By way of example but not limitation, in an embodiment of the present disclosure, the terminal device may also be a wearable device. The wearable device may also be referred to as a wearable smart device, which is a general name of wearable devices developed by applying wearable technology and intelligently designing daily wear, such as glasses, gloves, watches, clothing and shoes. The wearable device is a portable device that is worn directly on the body or integrated into the clothes or accessories of users. The wearable device is not only a hardware device, but also realizes powerful functions through software support, data interaction and cloud interaction.
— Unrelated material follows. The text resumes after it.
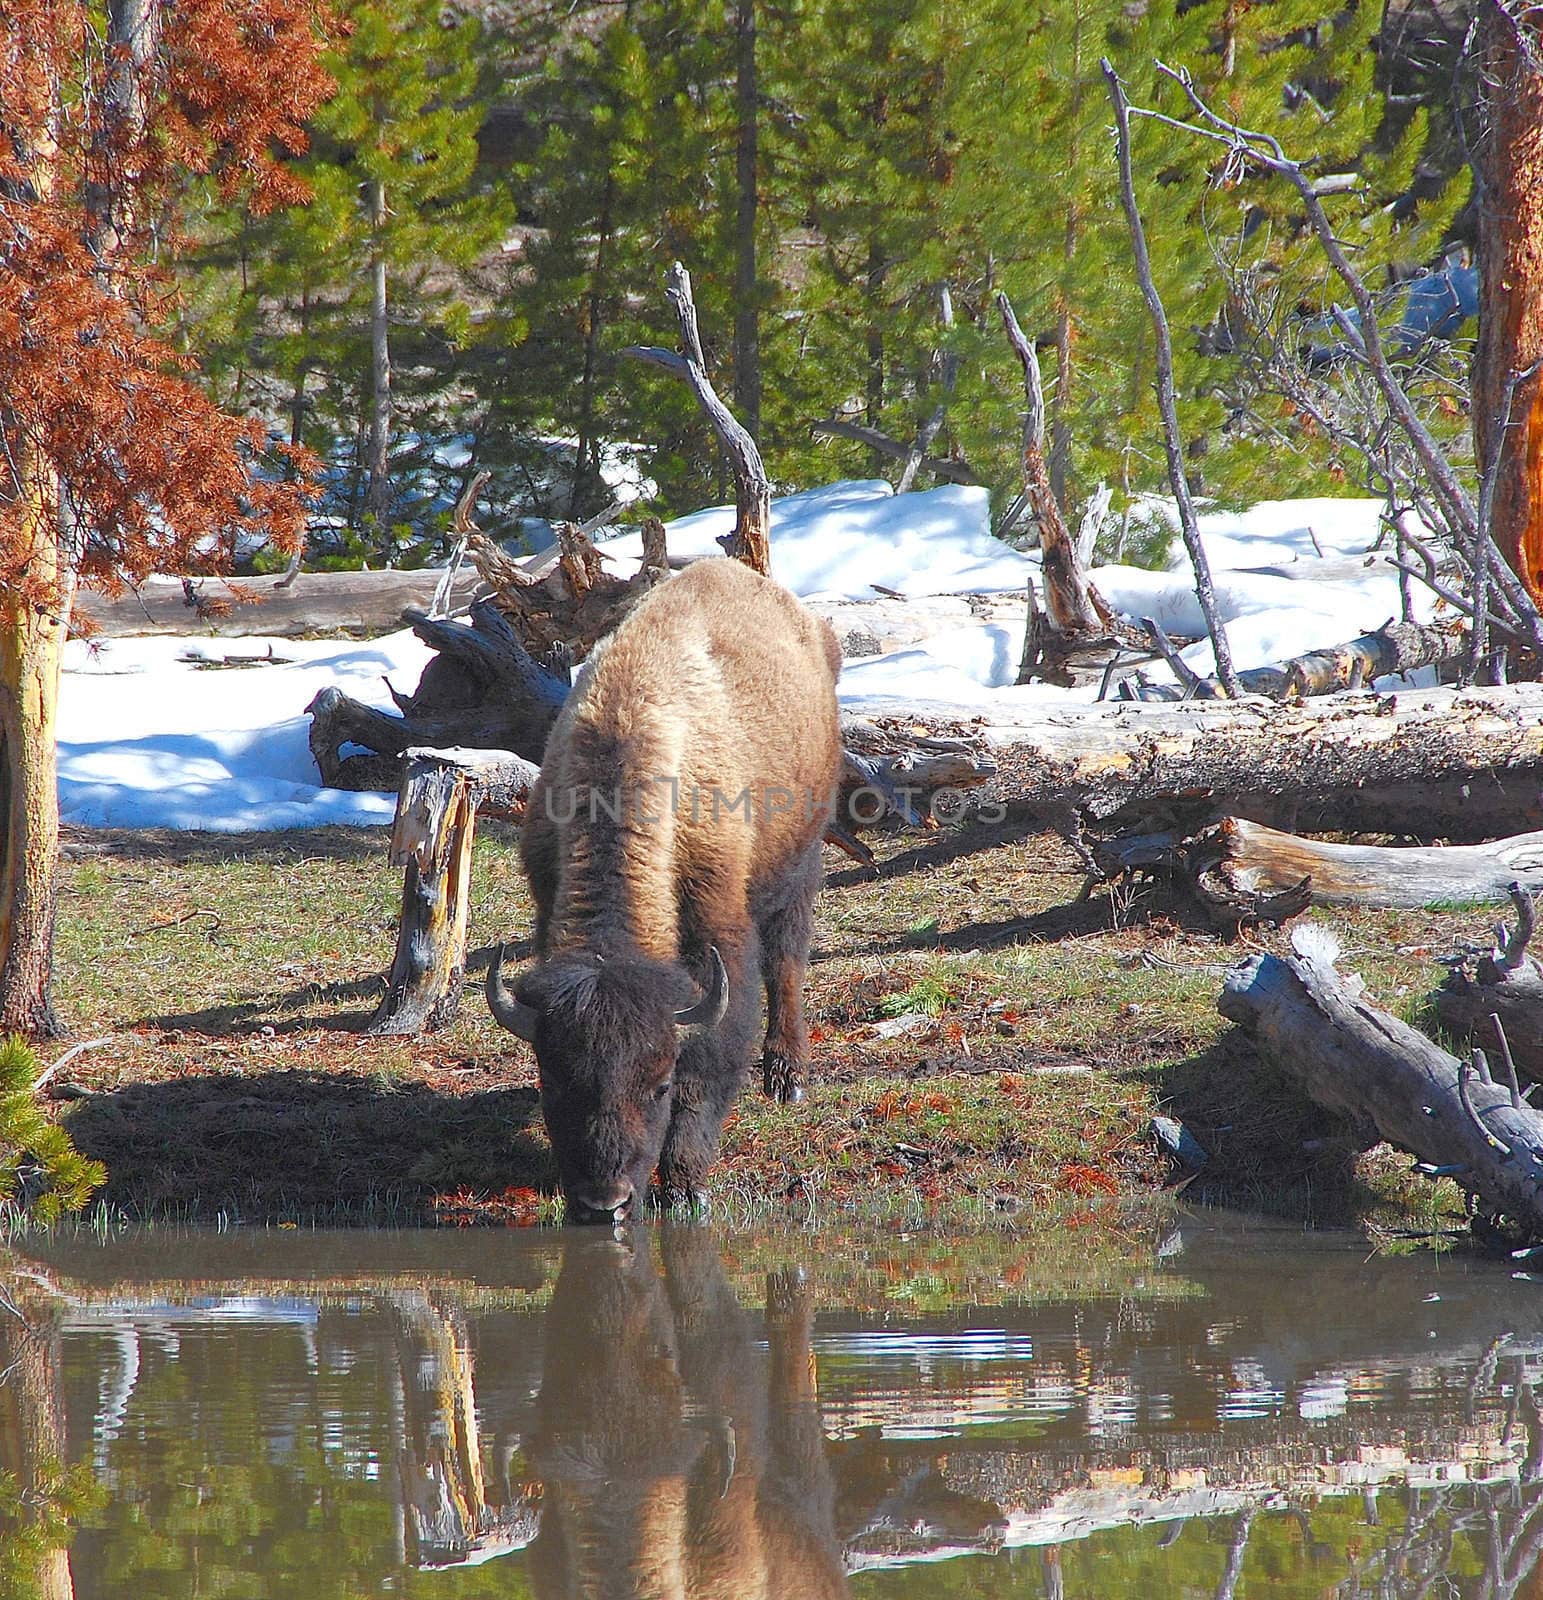 Buffalo in the wilderness at a pond
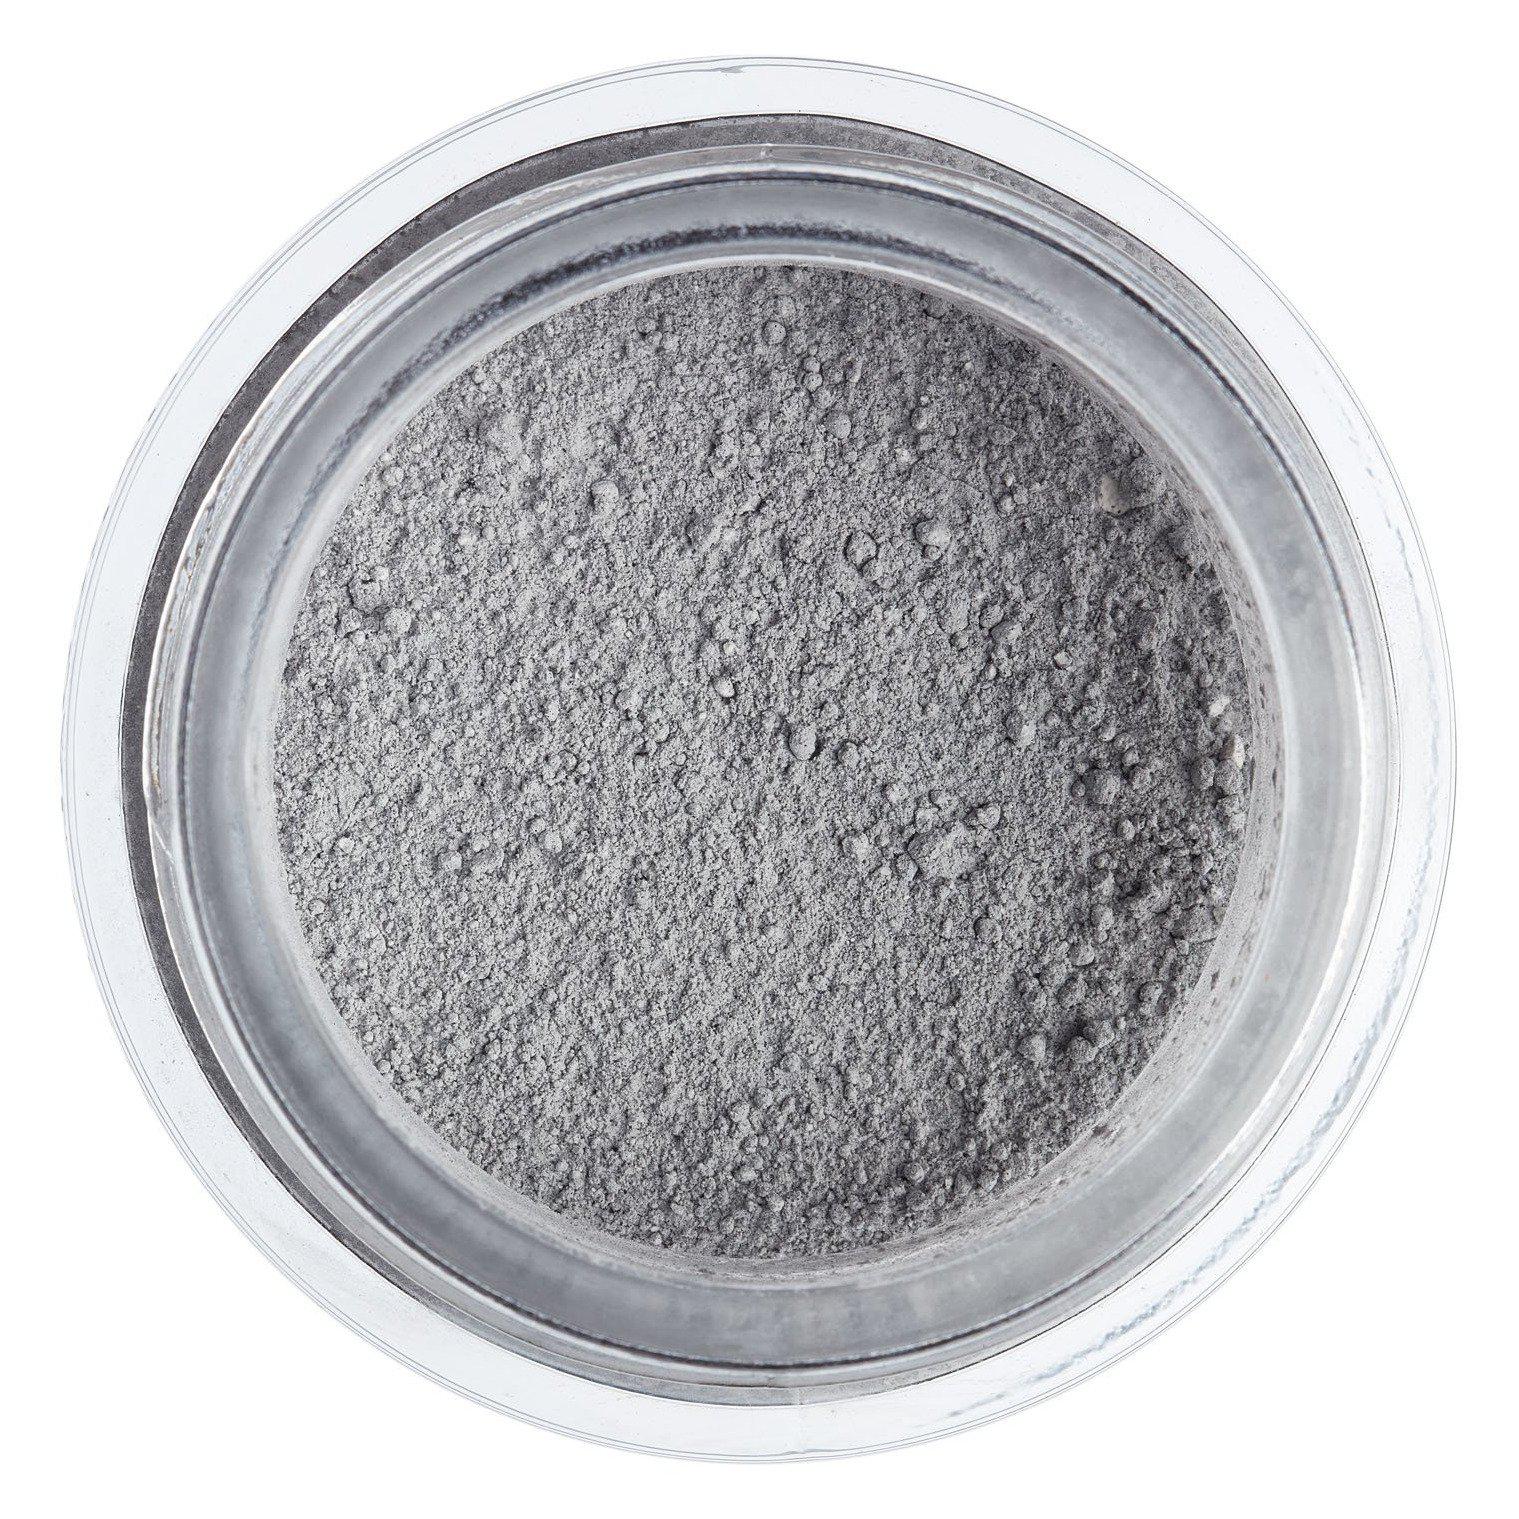 Activated Charcoal Clay Mask - 120ml-Beauty & Well-Being-Summer Salt Body-The Bay Room

The generalized wearable smart device may have comprehensive functions, a large size and a function of realizing whole or partial functions without relying on a smart phone, such as a smart watch or smart glasses, and may only focus on certain application functions and need to be used in conjunction with another device such as a smart phone, these kind of wearable smart devices may include various smart bracelets and smart jewelry for monitoring vital signs.

In an embodiment of the present disclosure, the network device may be a device for communicating with a mobile device. The network device may be an access point (AP) in the WLAN, a base transceiver station (BTS) in the GSM or CDMA, a base station NodeB (NB) in a WCDMA, an Evolved Node B (eNB or eNodeB) in the LTE, or a relay station or an AP, or a vehicle-mounted device, a wearable device, a network device (gNB) in the NR network, or a network device in the future evolved PLMN network or a network device in the NTN network, etc.

By way of example and not limitation, in an embodiment of the present disclosure, the network device may have a mobility characteristic, for example the network device may be a mobile device. Optionally, the network device may be a satellite or a balloon station. For example, the satellite may be a low earth orbit (LEO) satellite, a medium earth orbit (MEO) satellite, a geostationary earth orbit (GEO) satellite, a high elliptical orbit (HEO) satellite, and the like. Optionally, the network device may also be a base station arranged on land, water and the like.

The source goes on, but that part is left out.